Her savings were dwindling, her car was failing and needed weekly oil changes, but she was determined to make something shake. She spent her last money on studio time and prayed for signs that music was the correct path, and they steadily came in through choice encounters with people who helped further her career. After she posted a trailer of the music video for “BRB,” producer jetsonmade posted it and lauded her potential. “After that we locked in,” Anycia says. “We started doing music together and everything went from here.” She credits him for his music advice as well as helping her with music videos. 

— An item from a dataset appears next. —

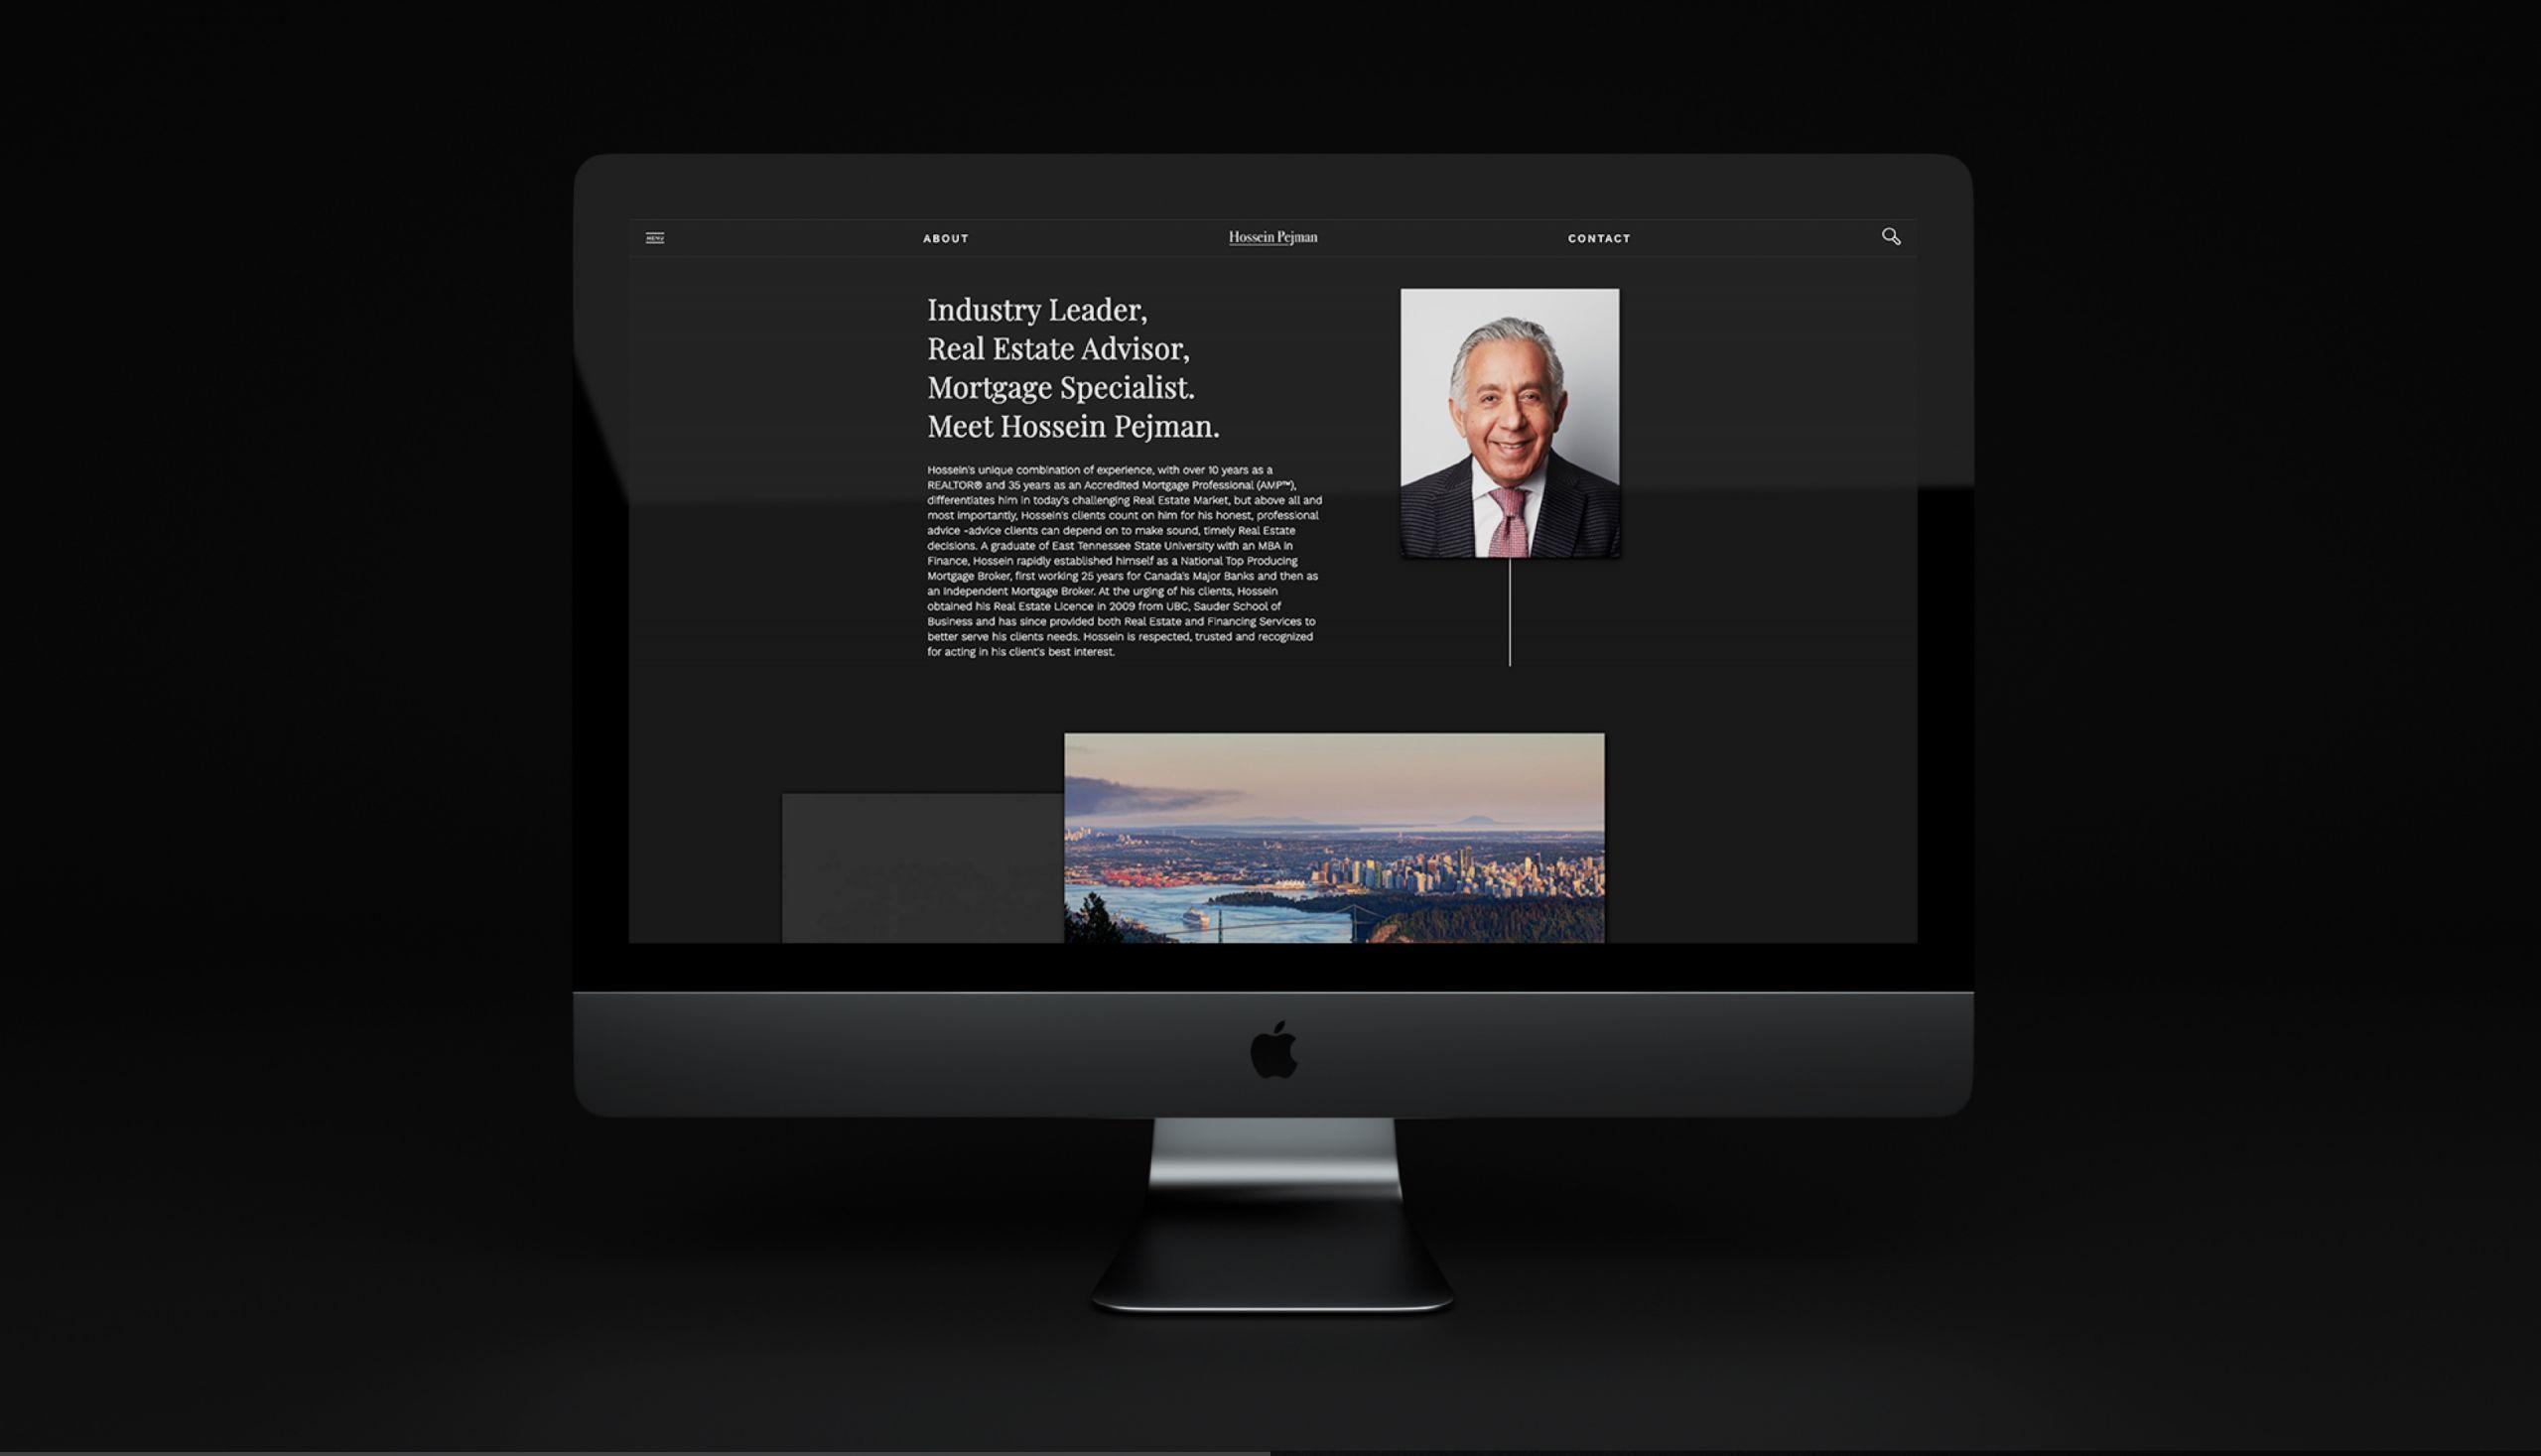 Custom designed website homepage for Real Estate Agent

She also crafted “So What” during that period, a Popstar Benny-produced song for which she filmed a low-frills video. “Child, I had on a crooked wig, a Walmart bikini, some tequila, a GoPro, and a dream. We had us a good time,” she says of the October 2023 visual, which quickly went viral. “I woke up one day, it was getting hella views, and Kevin Durant [shared it]. I was like, ‘What the fuck? Y’all like this shit?’” The people liked it so much that it led to her becoming an opener on Veeze’s 2023 Ganger tour. A month later, she dropped Extra, a six-song EP featuring “BRB,” the frenetic “Refund,” and a slew of songs like “Big Body” and “Drop Top,” where her smoky voice seeps out over smooth production.

That vibe carries over to her debut album, with songs such as “EAT!,” “Call,” with Luh Tyler, and “That’s Hard,” with Cash Cobain, making it the kind of smooth listen that fits into a playlist of hustler braggadocio, except it’s the woman on her boss shit. “Nene’s Prayer” isn’t a continuation of her first rap at church, it’s an anguished text block of a track with well-wishes like “I hope you get up out the car, and then your phone crack.” Her nomadic experience is apparent in the sonics, as there are elements of Atlanta and Detroit in the production, especially on “Type Beat” and “Up, Lit.” The album further entrenches her as one of the “rap girlies” who make music for the turn-up as well as chill vibes. She’s already mastered her sound, but she tells me that the refinement is a self-involved process. 

“I do love to know what [fans] like, but this is my shit,” she says. “Don’t ever forget that y’all like me because I was being me in the beginning. It’s like they going to like it anyway because I didn’t pop out trying to be somebody else. I popped out being myself. Like I said, that’s the easiest job.”